PMC · DOI: 10.3389/fnut.2025.1741052 · Frontiers in Nutrition · 2026-01-23

## TL;DR

This study develops a machine learning model to predict refeeding syndrome in severe pancreatitis patients, helping doctors decide when to start nutrition and intervene early.

## Contribution

The novel contribution is an explainable machine learning model for predicting refeeding syndrome risk in SAP patients using clinical features and SHAP analysis.

## Key findings

- The GBM model achieved an AUC of 0.851 in training and 0.762 in testing for RFS prediction.
- SHAP analysis identified serum potassium, sodium, and calcium as the most important predictors of RFS risk.
- The model showed good calibration and net benefit across clinical decision thresholds.

## Abstract

To construct and validate a risk prediction model for refeeding syndrome (RFS) in patients with severe acute pancreatitis (SAP), identify high-risk individuals before overt electrolyte abnormalities occur, and provide decision support for the timing of enteral nutrition initiation and early personalized intervention.

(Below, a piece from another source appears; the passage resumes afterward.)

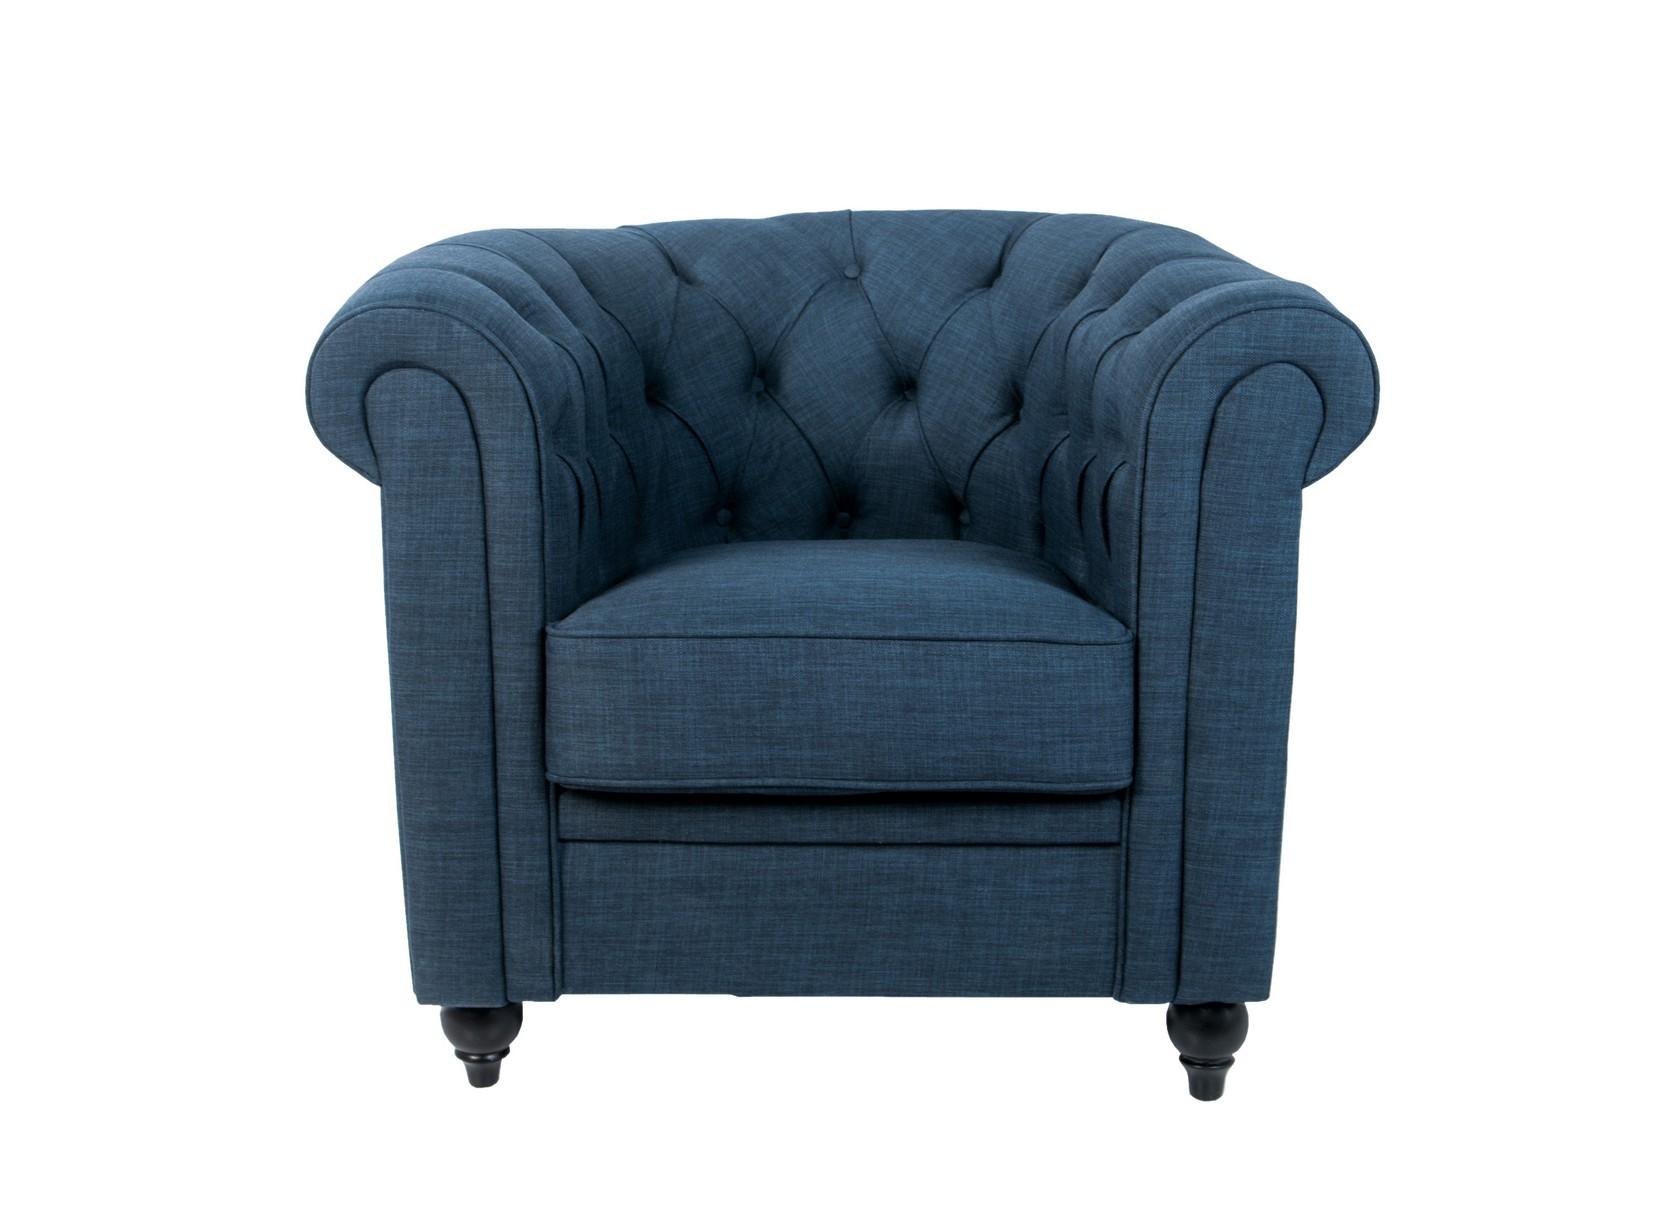 Кресло NalaИнтерьерные кресла<br>Nala — классическая модель кресла синего цвета, с объемной каретной стяжкой на пуговицах. По фасаду подлокотники декорированы мебельными гвоздями. Это шикарное кресло непременно станет вашим любимцем! Ведь оно такое мягкое и удобное, что отдых в нем — истинное удовольствие.<br><br>Material: Лен<br>Width см: 82<br>Depth см: 76<br>Height см: 71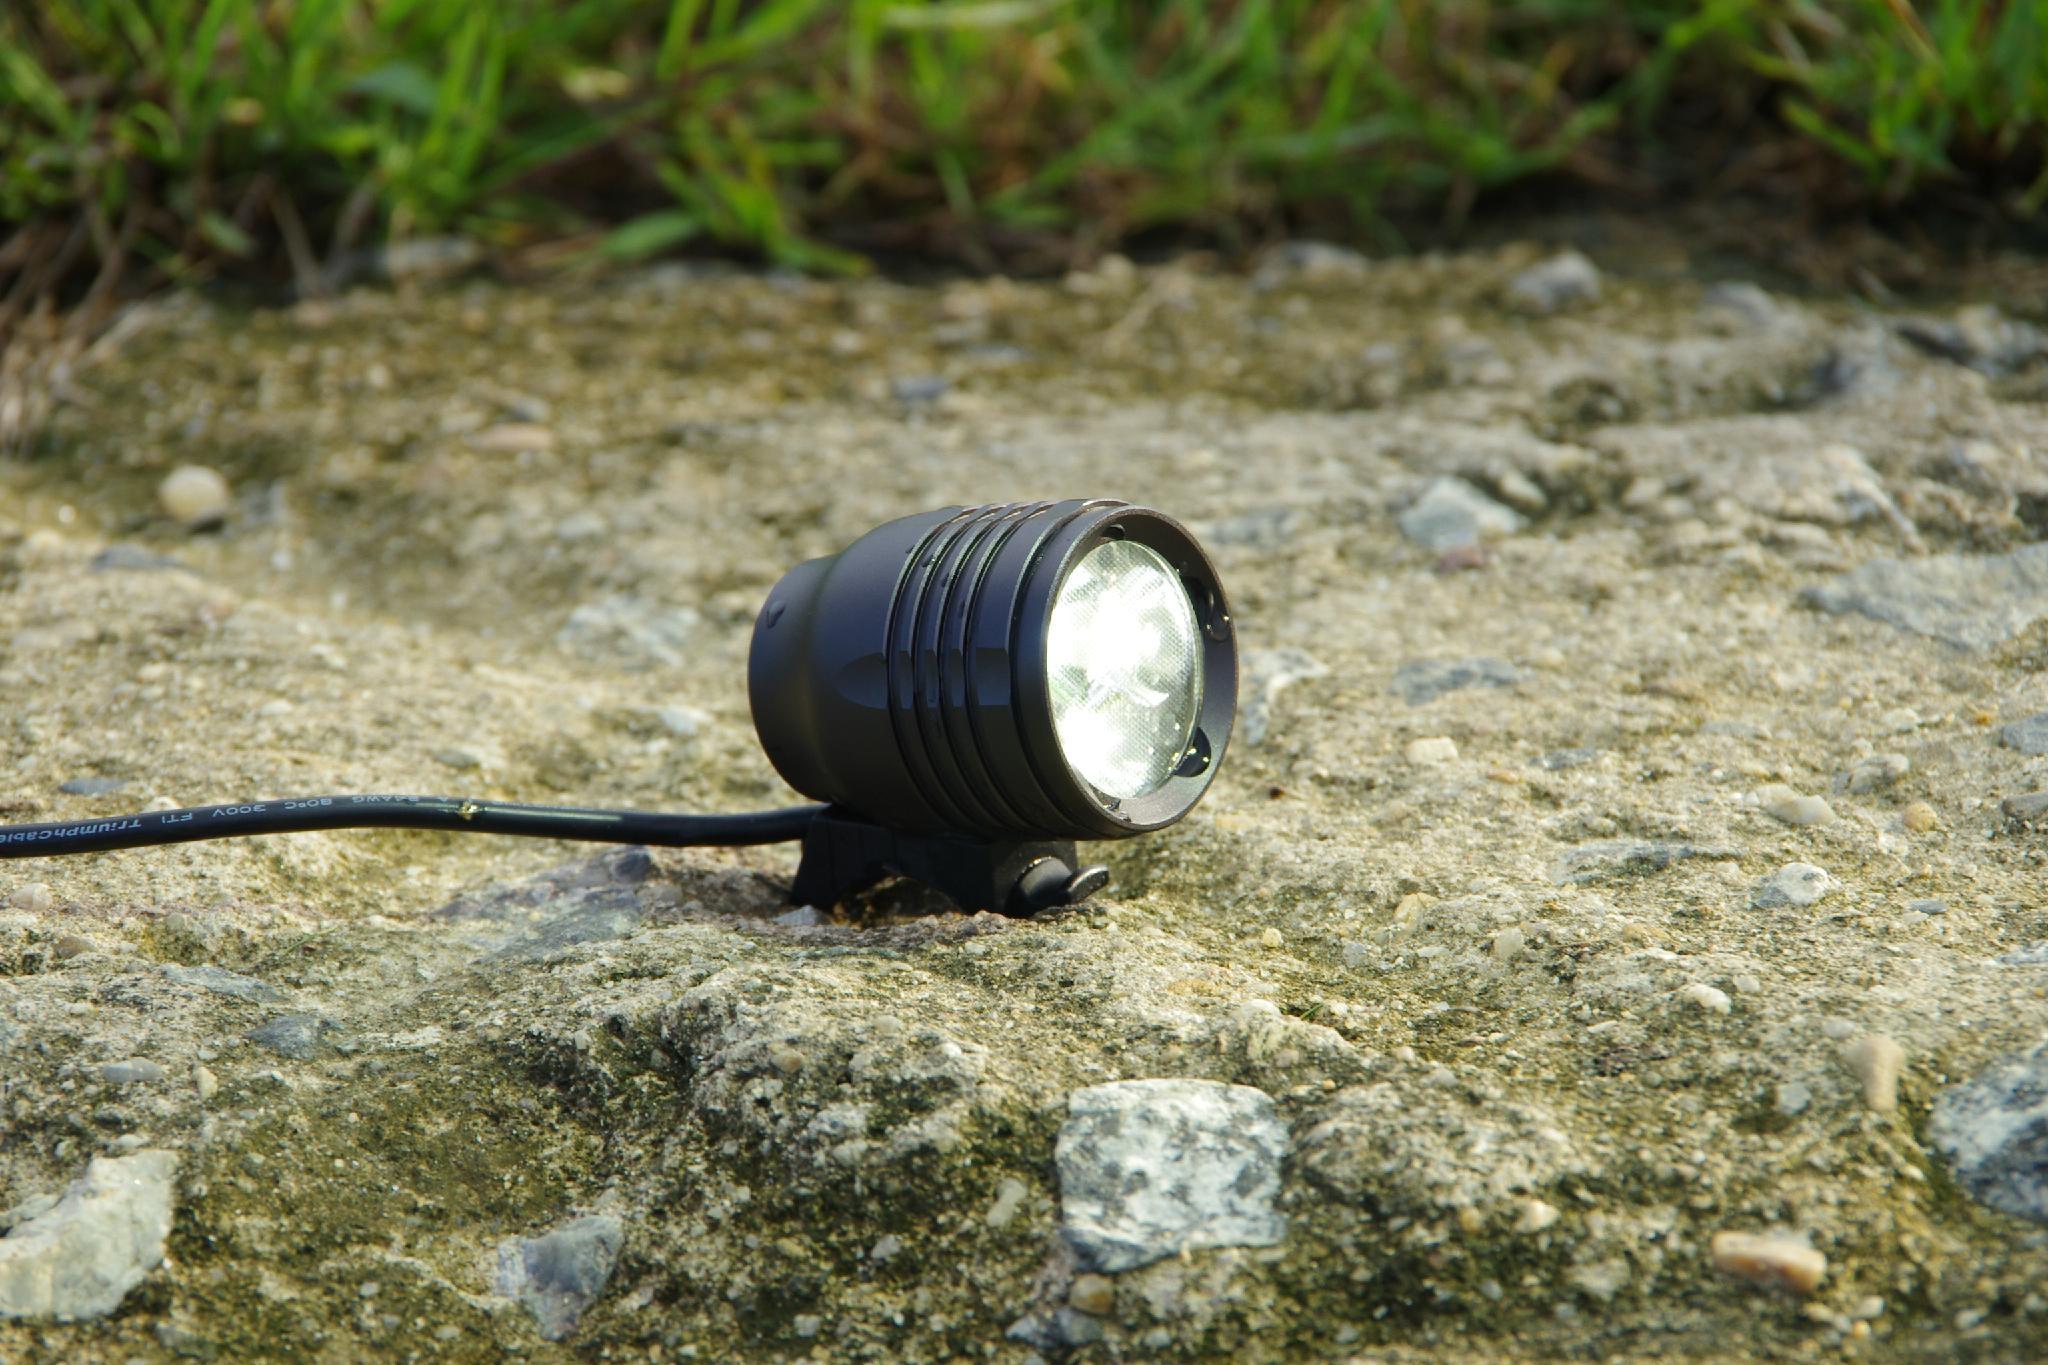 Pro mountain cycle light 1900 lumens 5200mAh battery 2

A retrospective cohort study was conducted on SAP patients admitted to Xuzhou Medical University Affiliated Hospital (XYFY) between September 2018 and September 2025. Patients were divided into RFS and Non-RFS groups based on the development of RFS after initiating enteral nutrition. Clinical data differences between groups were compared, least absolute shrinkage and selection operator (LASSO) regression was used for feature selection, and six machine learning (ML) algorithms were applied to build prediction models. Model performance was evaluated using receiver operating characteristic (ROC) curves, calibration curves, and decision curves. SHapley Additive exPlanations (SHAP) analysis was performed to interpret the contribution of key features.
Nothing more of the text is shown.